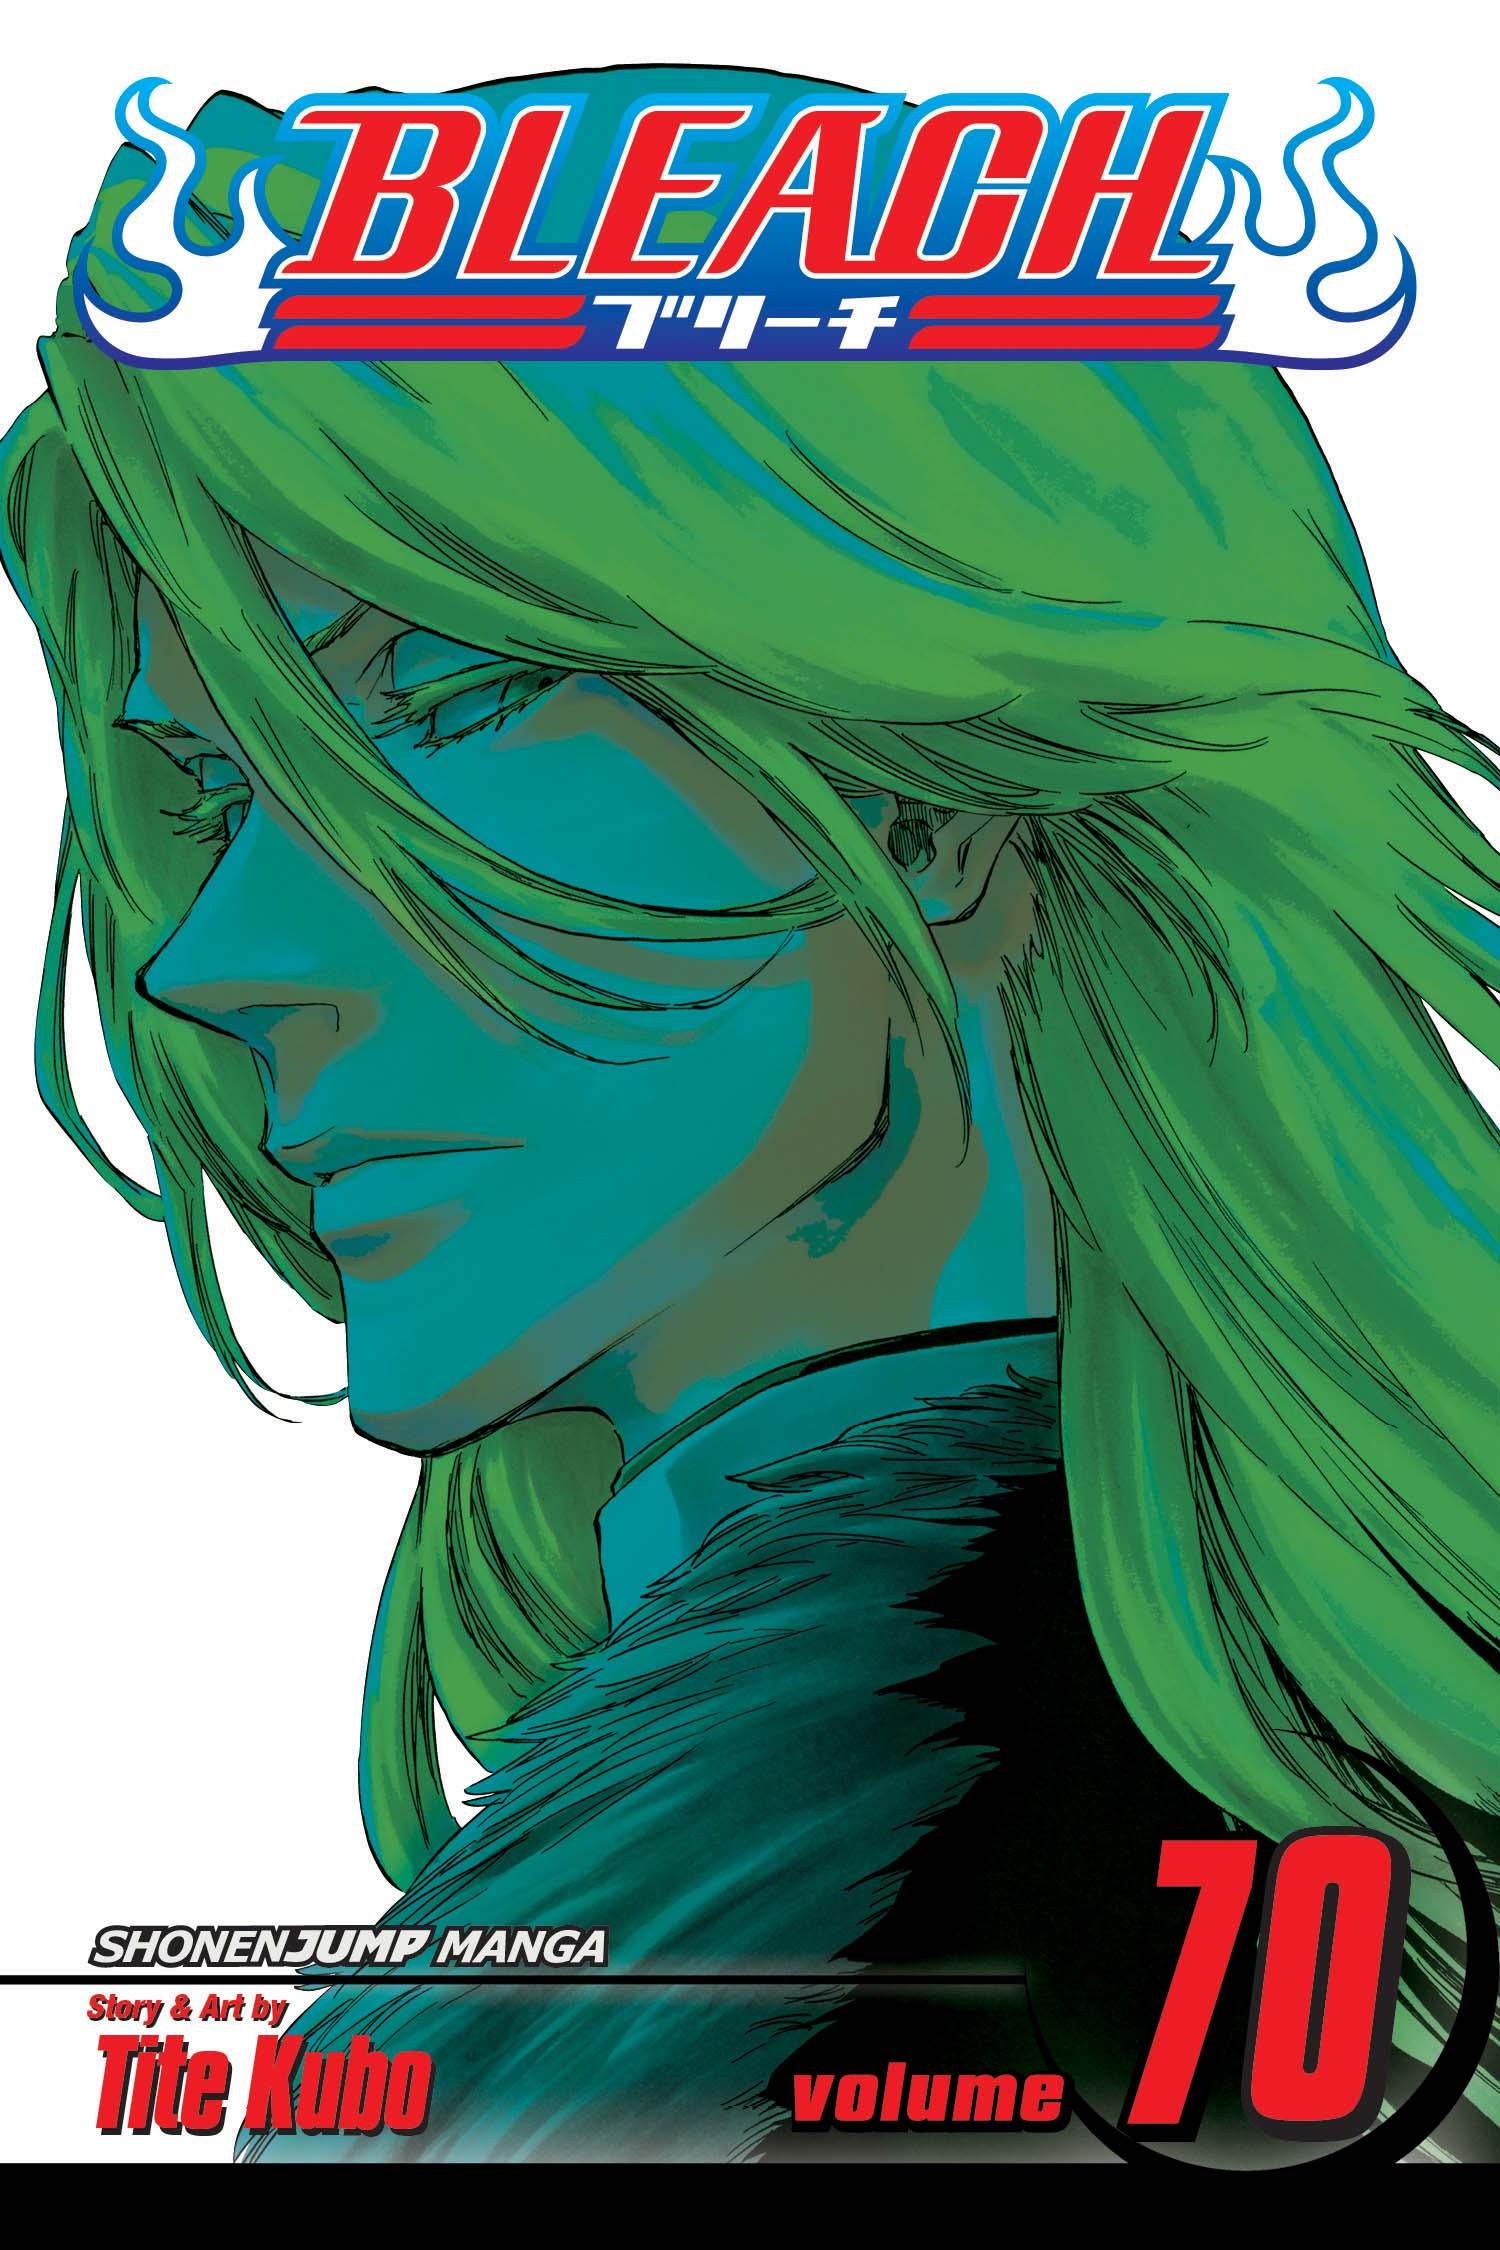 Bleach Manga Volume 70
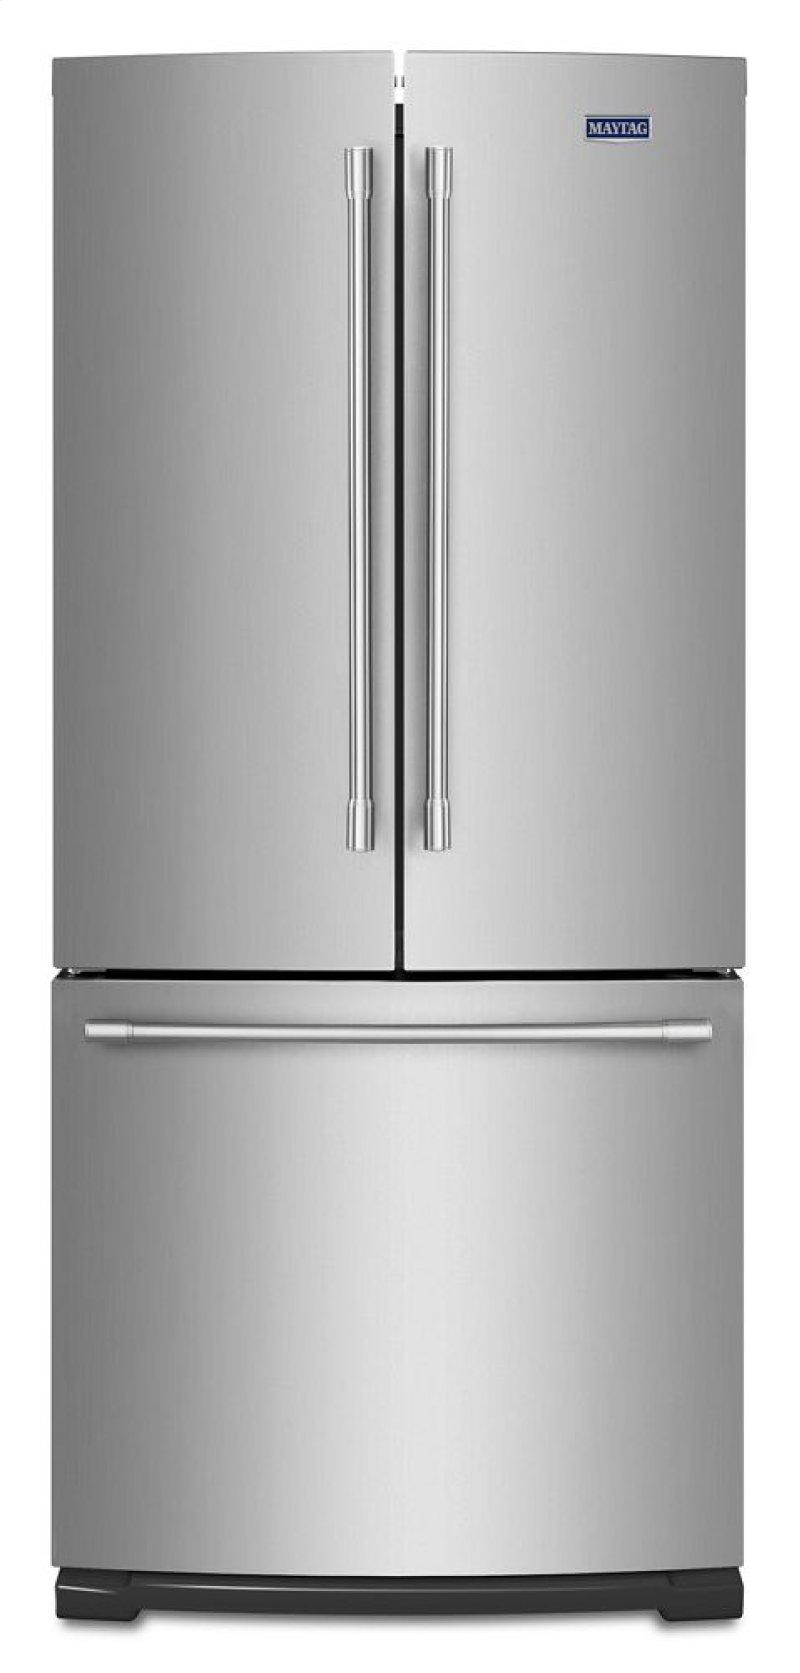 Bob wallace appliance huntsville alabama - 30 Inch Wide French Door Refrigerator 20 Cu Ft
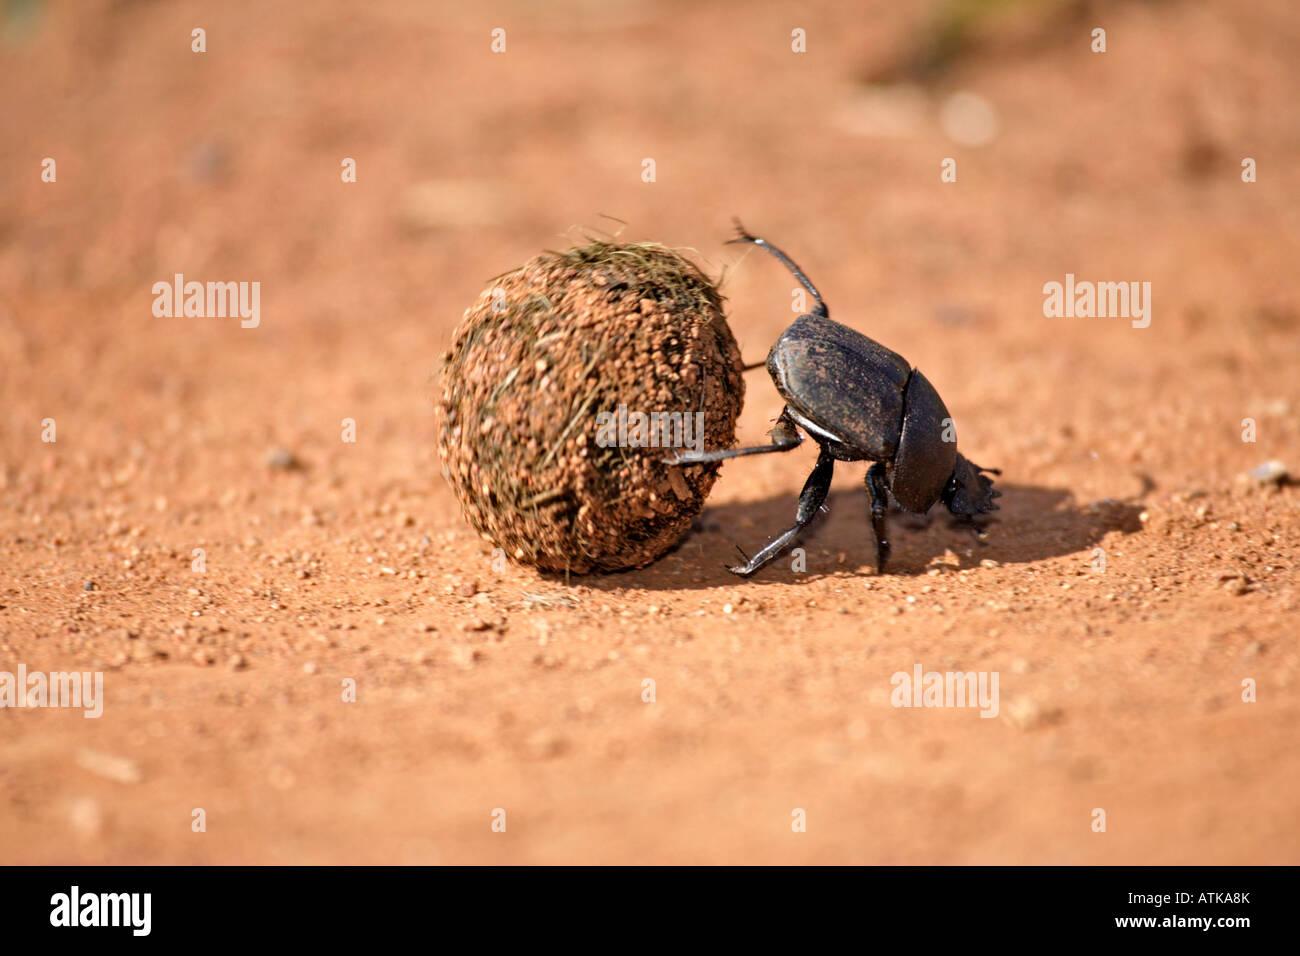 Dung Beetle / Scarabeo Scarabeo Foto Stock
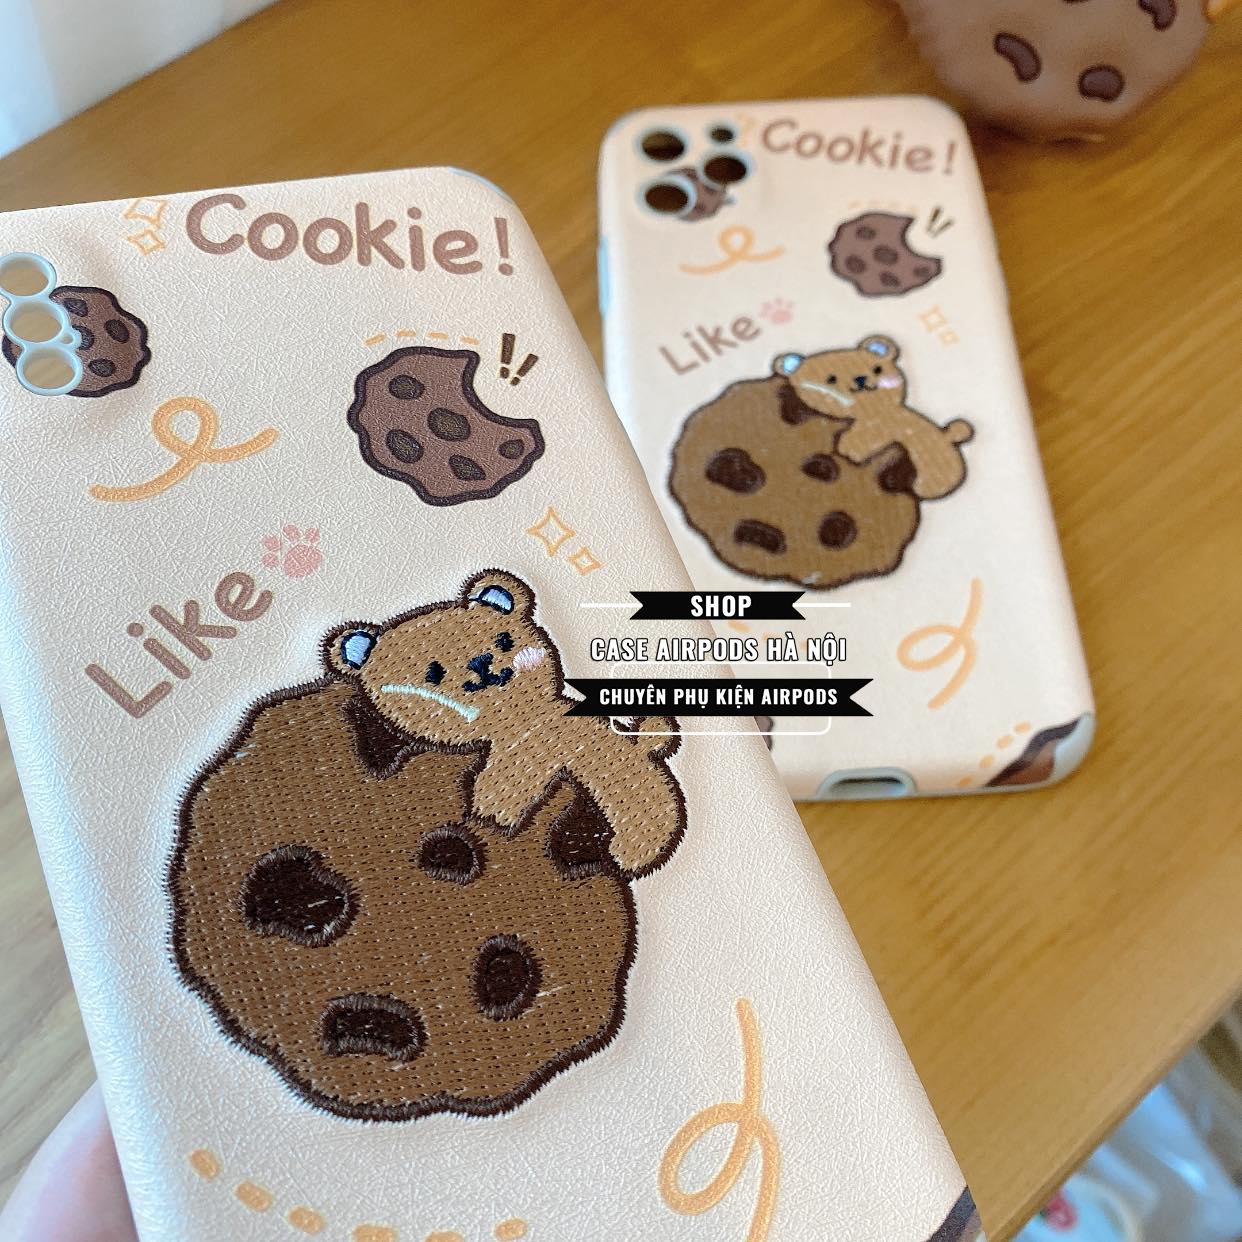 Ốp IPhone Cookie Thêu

____________

• _Try it_: Images are not wanted in the copy. Please print the material above exactly.

• _Exercise response_:
 Bleach Manga Volume 70
 Bob wallace appliance huntsville alabama - 30 Inch Wide French Door Refrigerator 20 Cu Ft
 Dung Beetle / Scarabeo Scarabeo Foto Stock
 Ốp IPhone Cookie Thêu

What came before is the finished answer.